AI is not here to replace the employee. It is here to help them. As I told above, why should the employee care? They will care if their work becomes better or easier. They know they have to sit in a cubicle from 9-5. How can AI make that time better. The companies which will solve this will make bank.(My brother’s stealth startup is working on exactly this).

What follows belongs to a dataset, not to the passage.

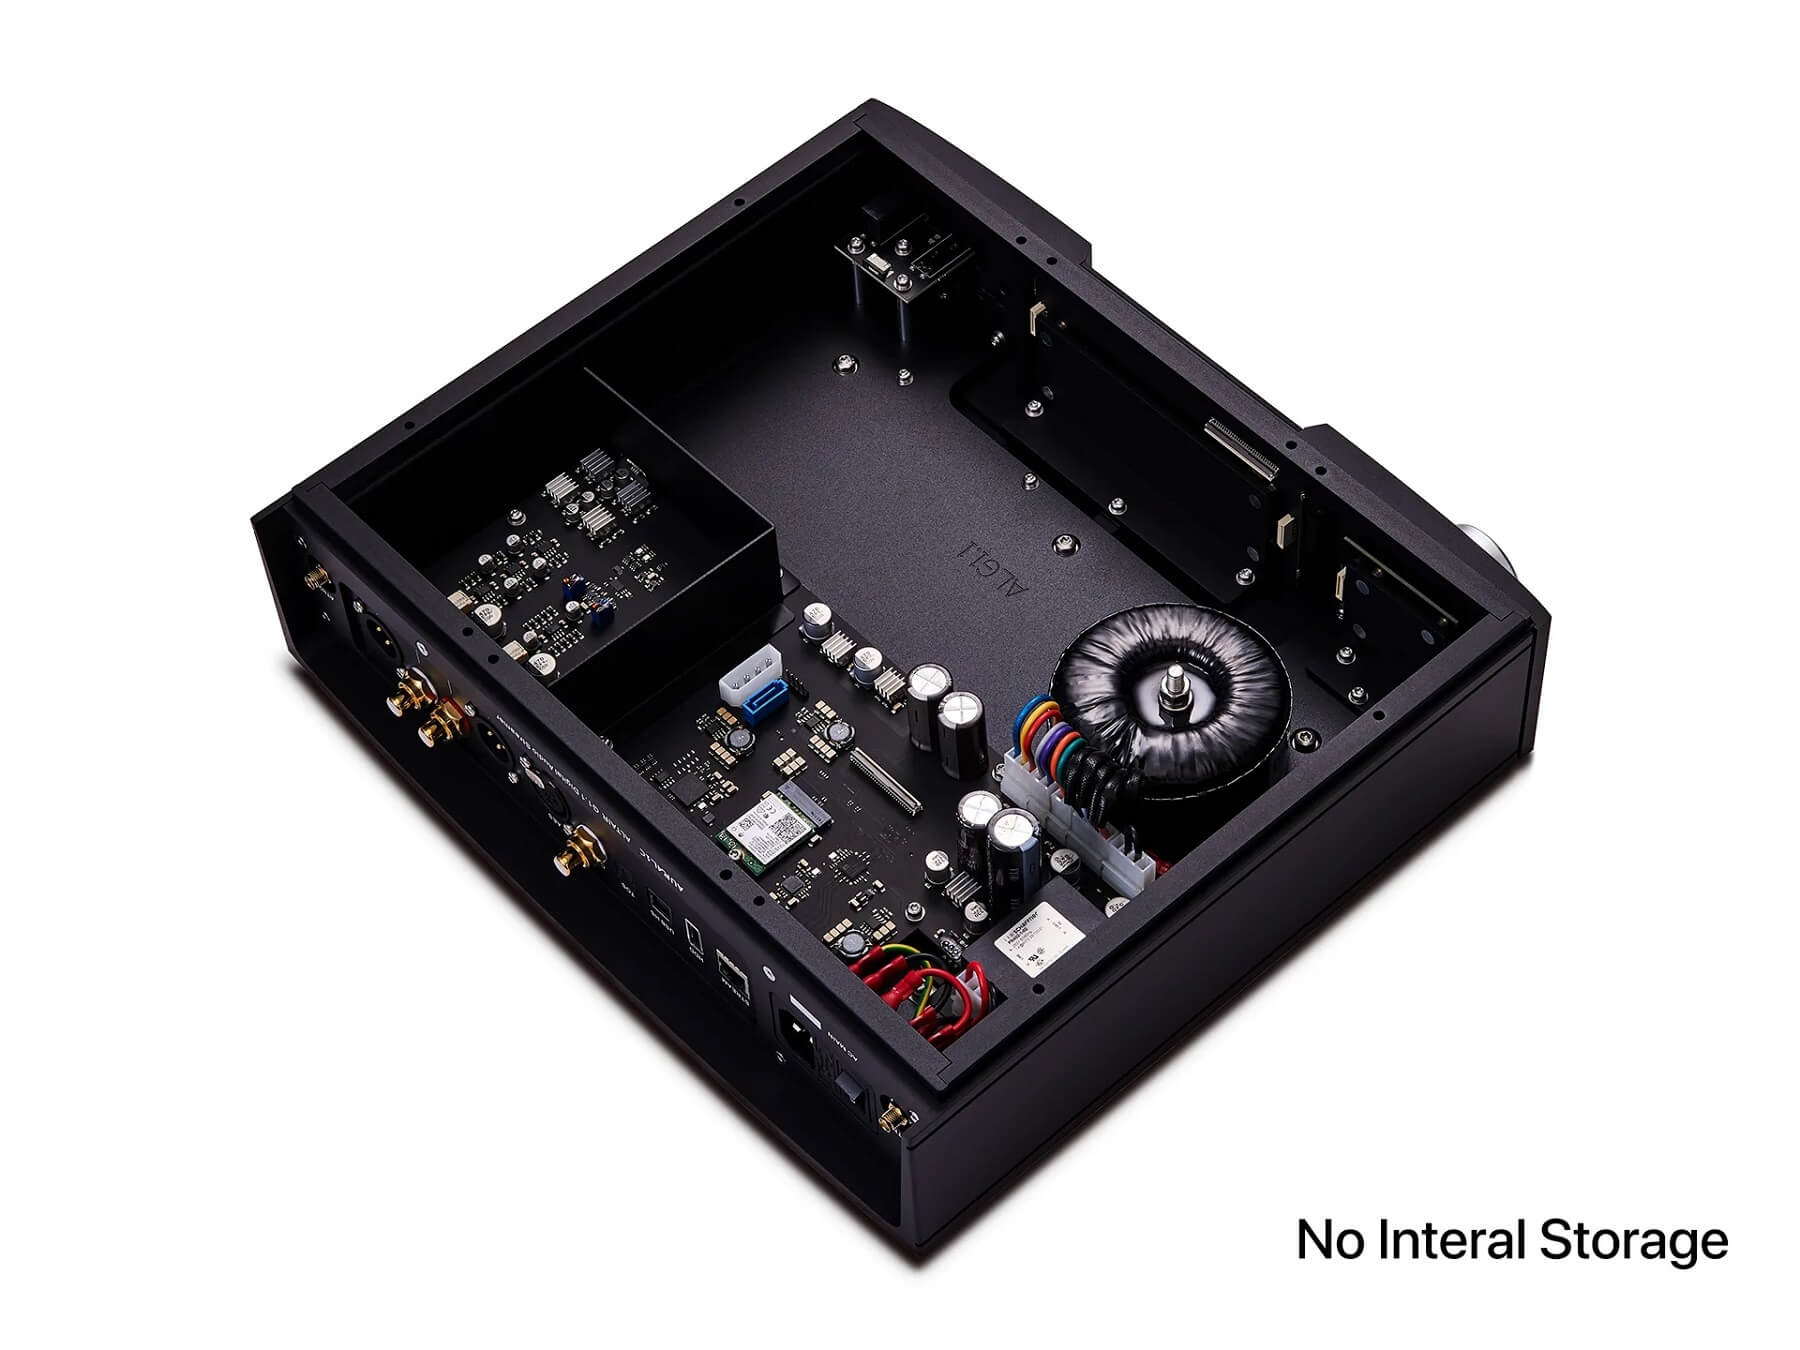 Auralic Altair G1.1 - Internals without HDD

The New Paradigm: AI as Your Coworker
To survive this transition, employees need to stop treating AI as a suspicious piece of software and start treating it as a junior coworker.
A very smart, very fast, sometimes naive junior coworker who needs clear instructions.
When you shift to this mindset, the fear evaporates, replaced by utility. The AI handles the “blank page problem,” the data crunching, and the repetitive drafts, freeing you up for higher-level strategic thinking, creative problem solving, and emotional intelligence, things AI is terrible at.
Conclusion: Adapt or Perish
The industrial revolution proved a harsh reality: history does not kindly judge those who refuse to adapt to technological paradigm shifts. The difference today is speed. The industrial revolution unfolded over a century; the AI revolution is unfolding over months.
The historical wariness of change that once held India back cannot be allowed to resurface. The tools are here. They are accessible. The teams and individuals who cling to the old ways of working out of fear or inertia will find themselves obsolete.
Those who embrace AI not as a replacement, but as the ultimate augmentation tool won’t just survive the coming changes. They will define them.